I'm selling my smoker due to lack of use. Always been garaged and never left out in the weather. Pit is 18x30 with 2 racks, 28x17 and 28x7. Pit is stainless steel with a roll top lid with firebox 1/4"+ metal. No issues whatsoever and will last forever. It's big enough for 2 briskets and a rack of ribs, or 4 chickens and ribs or 4 racks of ribs, etc. 2coolers have 1st shot, asking $850 call 83twotwo21seven86two.


----------



## bowmansdad (Nov 29, 2011)

I can't rotate this but I can email pics.


----------



## jreynolds (Jul 19, 2010)

*Here ya go*

Nice pit


----------



## bowmansdad (Nov 29, 2011)

Thanks, jreynolds!


----------



## bowmansdad (Nov 29, 2011)

Still for sale.


----------



## Dick Hanks (Aug 16, 2007)

bowmansdad said:


> Still for sale.


 Just a "heads up" for Ya: If you find this post deleted, it's because the sticky post at the top of this forum tells you not to post sale items.
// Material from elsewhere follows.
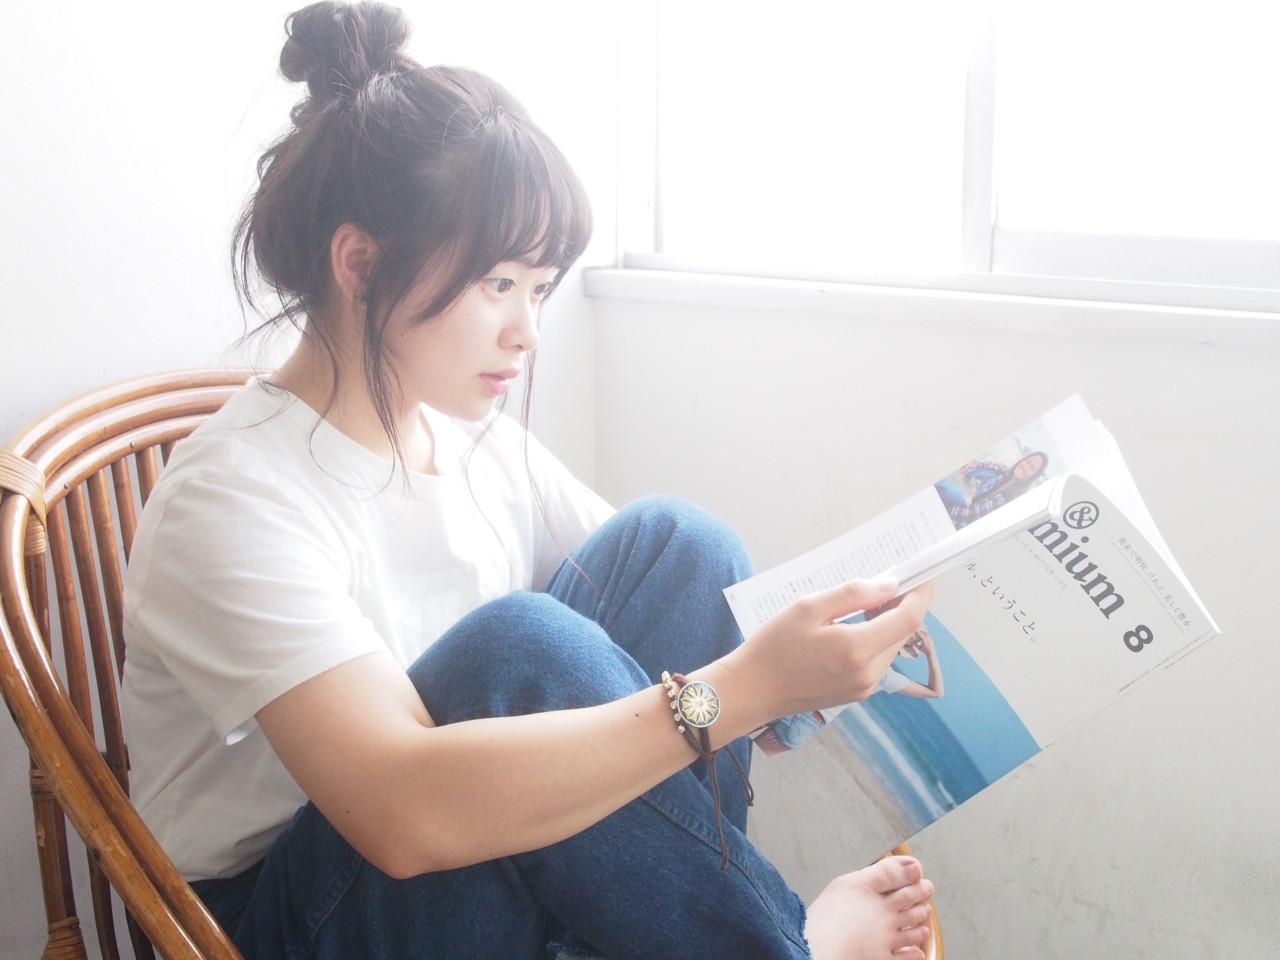 簡単アレンジの定番!お団子ヘアの作り方を初心者向け〜進化系まで♡ Asuka

If they delete it, repost it in the "for sale" section that they directed you to.


----------



## bowmansdad (Nov 29, 2011)

Dick Hanks said:


> Just a "heads up" for Ya: If you find this post deleted, it's because the sticky post at the top of this forum tells you not to post sale items. If they delete it, repost it in the "for sale" section that they directed you to.


Thanks!


----------



## bowmansdad (Nov 29, 2011)

Please delete.


----------